Washington D.C. [US] : The World Bank, through the International Bank for Reconstruction and Development (IBRD), has unveiled a new 5-year benchmark bond valued at CAD 1.4 billion, set to mature on January 12, 2029.
This strategic move is part of the World Bank’s ongoing efforts to finance sustainable development initiatives in its member countries.
According to the World Bank, the 5-year benchmark bond, designed to support sustainable development projects, comes with a semi-annual coupon rate of 3.50 per cent p.a. It was priced at 99.678 per cent, boasting a final spread of 32.9 basis points over the CAN 3.250 per cent September 2028 reference bond.

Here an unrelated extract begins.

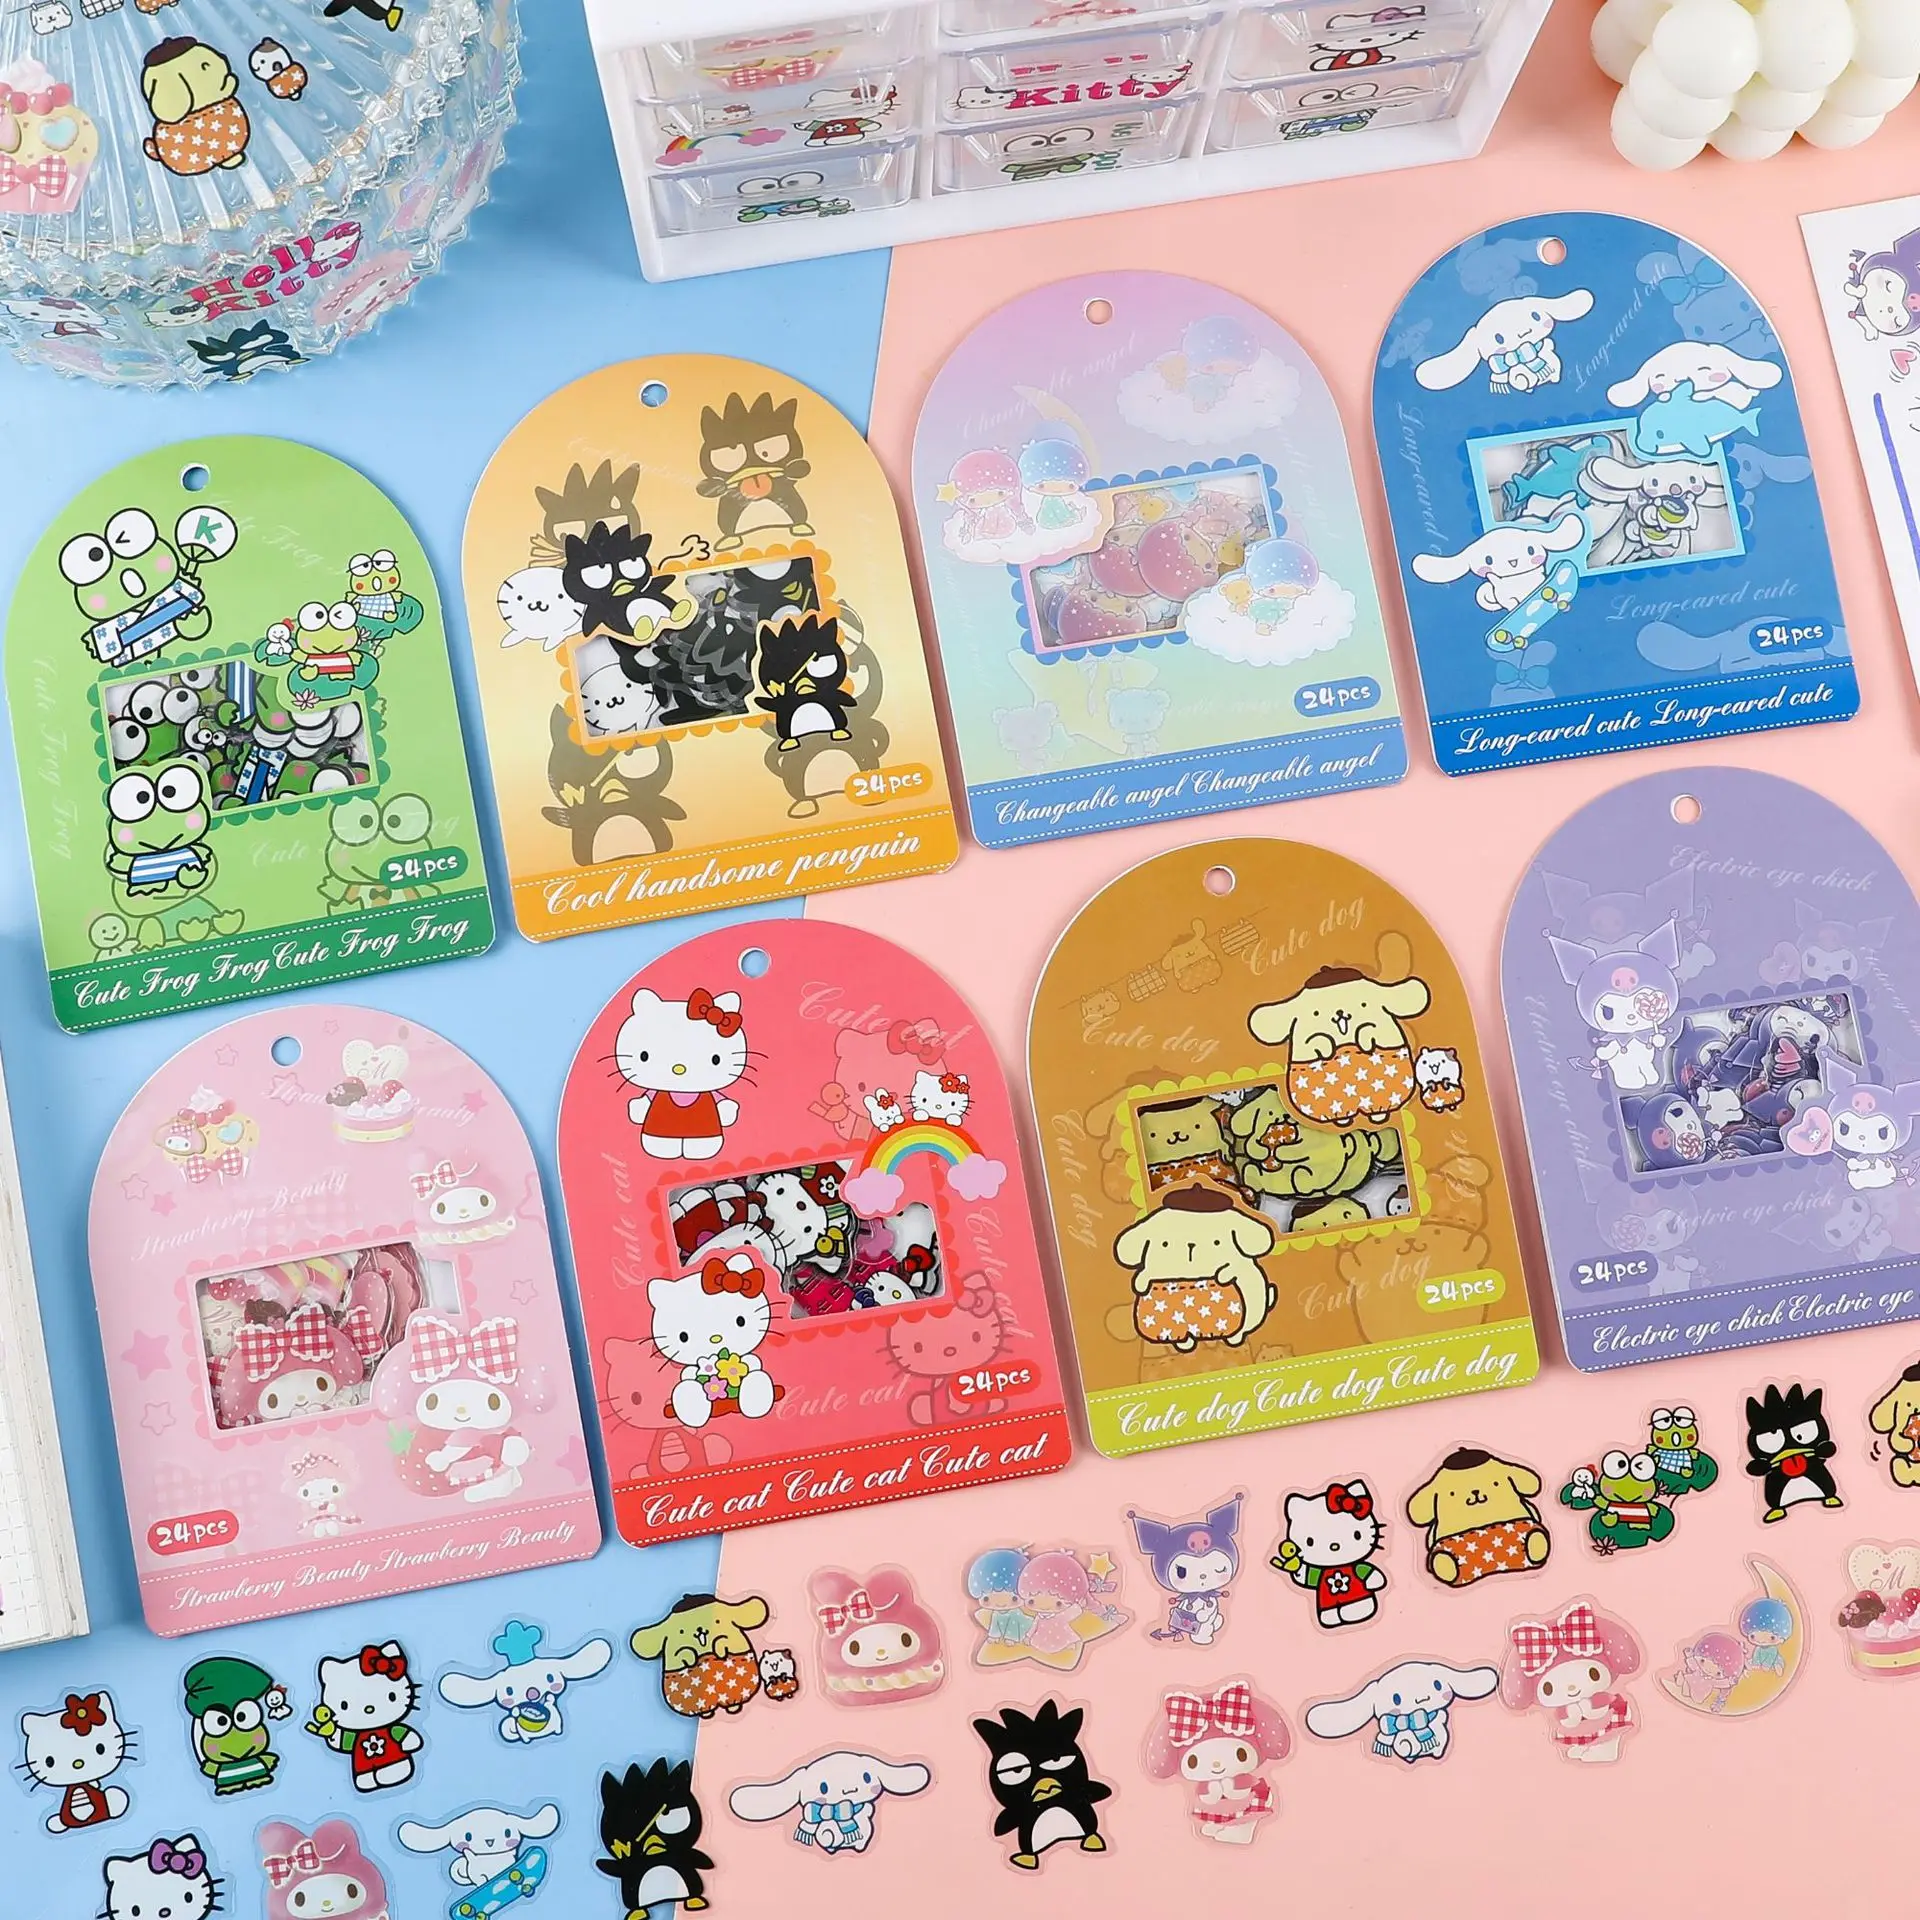 24Pcs Cute Hello Kitty Stickers Diy Gift Album Phone Diary Scrapbook Stationery Decorative Stickers School Supplies

Investors are offered a yield of 3.571 per cent (semi-annual) on this initiative. CIBC, RBC Capital Markets, National Bank Financial, and TD Securities stand as the joint lead managers, contributing to the success of this transaction.
Jorge Familiar, Vice President and Treasurer of the World Bank, expressed satisfaction with the institution’s dynamic start to the year, having successfully concluded transactions in Australian dollars, US dollars, and now Canadian dollars.
Familiar said, ‘It has been a dynamic start to the new year for the World Bank, as we conclude successful transactions in three different currencies AUD, USD and now in CAD. This transaction has appealed to a strong diverse investor base across the globe, with investors seeking safe, liquid and positive impact investment opportunities in Canadian dollars.’
Investor Distribution by Investor Type- Central Banks/Official (55 per cent), Banks/Bank Treasuries/Corporates (34 per cent), Asset Managers/Insurance/Pension Funds (11 per cent).
Investor Distribution by Region- Americas (48 per cent), Asia (34 per cent), Europe/Middle East/Africa (18 per cent).
”We congratulate the World Bank on the successful execution of its latest Maple bond issuance. We commend the institution’s enduring tradition of inaugurating each calendar year with the first Maple offering. This commitment underscores the World Bank’s dedication to the Canadian market, while the use of its Sustainable Development Bond label highlights the institution’s pivotal role in advancing both social and environmental sustainability on a global scale,” said Priya Radha, Managing Director & Global Head, Government Solutions, CIBC Capital Markets.
‘The World Bank is known for demonstrating leadership in the capital markets. It was great to see the World Bank open the Canadian Maple market with a highly successful 5-year CAD 1.4 billion Sustainable Development Bond. The deal saw solid demand and momentum right out of the gate and that momentum continued throughout the process resulting in a diverse geographic and investor book. It was a pleasure and privilege to partner with the World Bank on this outstanding transaction,’ said Scott Graham, Managing Director & Head of US Government and Sovereign Supranational and Agency (SSA) Finance, National Bank Financial.
‘The World Bank successfully reopened the Maple SSA market in 2024 with another large size trade in excess of CAD 1 billion, further cementing the World Bank’s standing as the largest SSA maple issuer. The transaction highlights continued strong demand for World Bank paper in the Canadian dollar market. Congratulations to the World Bank team for a highly successful transaction,’ said Alex Caridia, Managing Director, Head of Public Sector Markets, RBC Capital Markets.
‘Many congratulations to the World Bank team for an impressive start to 2024, highlighted by today’s CAD 1.4 billion deal. The demand from the broad spectrum of domestic and international investors reflects the exceptional track record of the World Bank as they continue to show leadership in the CAD market,’ said Laura O’Connor, Managing Director, Fixed Income Origination & Syndication, TD Securities.
The success of this issuance not only strengthens the World Bank’s commitment to sustainable development but also underscores the institution’s ability to attract diverse global support for its initiatives.